Mistake 2: Depicting
women as passive observers. Men are depicted as "agents of action" in marketing more often than women. Images of
women who are merely observing other people do things feel out of touch in a
society where mothers with children under 18 are the sole or primary
breadwinners in 40 percent of U.S. households.
Mistake 3: Depicting
women exclusively in couples or family situations. With Millennials getting
married later than any previous generation, and record numbers of childless
women in the U.S., it's important to show a variety of household situations in
your imagery, and not only couples and families. In the right categories,
depictions of mixed-gender groups can be particularly effective, especially for
Mistake 4: Leaving
women out of the picture entirely. One lingering mistake for many
industries, even today, is leaving women out of visuals entirely. Recently I
was at a rental car facility that was filled with women as both customers and
employees, yet every poster in the building showcased men — and only men— renting cars. If the success of your business depends on women
consumers (and since women drive between 70-80 percent of consumer spending,
there’s a good chance it does), it makes sense to feature them in branded
visuals. Common sense? Yes. Common practice? No. The good news is, there’s a
simple fix: Take an inventory of your images to determine if they are inclusive
and relevant. When they're not, you reduce your opportunity to create an
emotional connection, and may alienate the very people you want to attract.
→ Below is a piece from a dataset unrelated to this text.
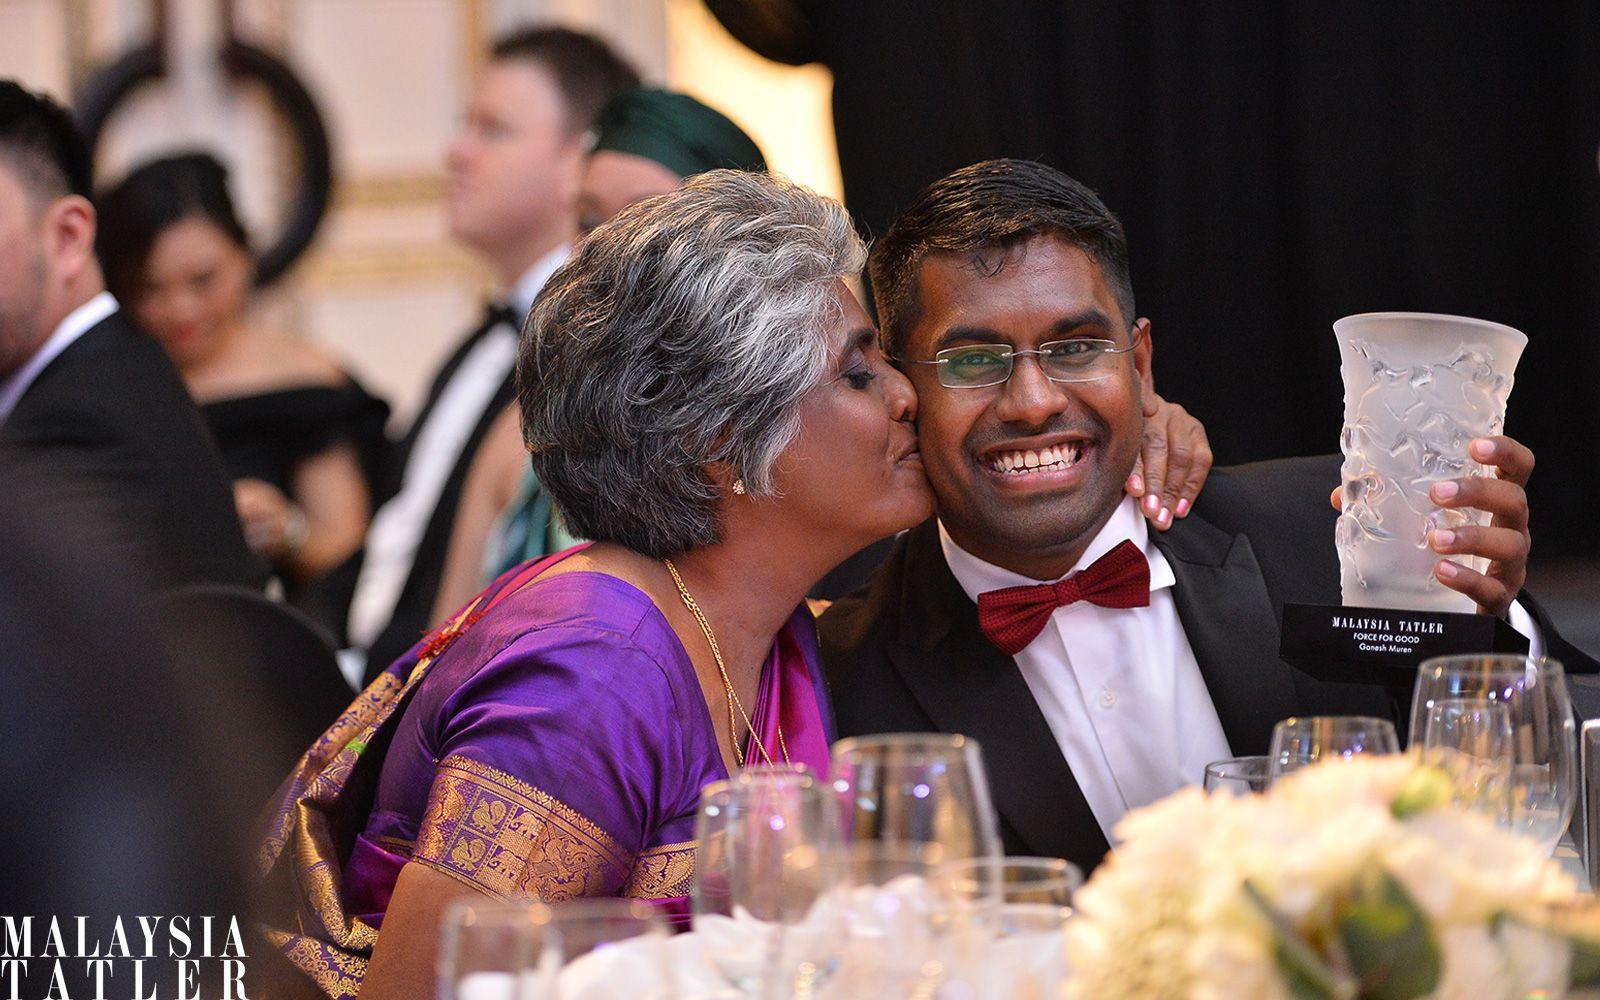 Premah Chellapan and Ganesh Muren

Bridget Brennan is CEO of consulting firm Female Factor, and one of
the world’s leading authorities on marketing and selling to women. She is the
author of Why She Buys: The New Strategy for Reaching the World’s Most
Powerful Consumers, which was called "essential reading" by the
Wall Street Journal. In addition to researching women's purchasing patterns,
she speaks globally on the subject of women's consumer spending and is a
blogger for Forbes where
this blog first appeared. You can follow Bridget on Twitter via @BridgetBrennan.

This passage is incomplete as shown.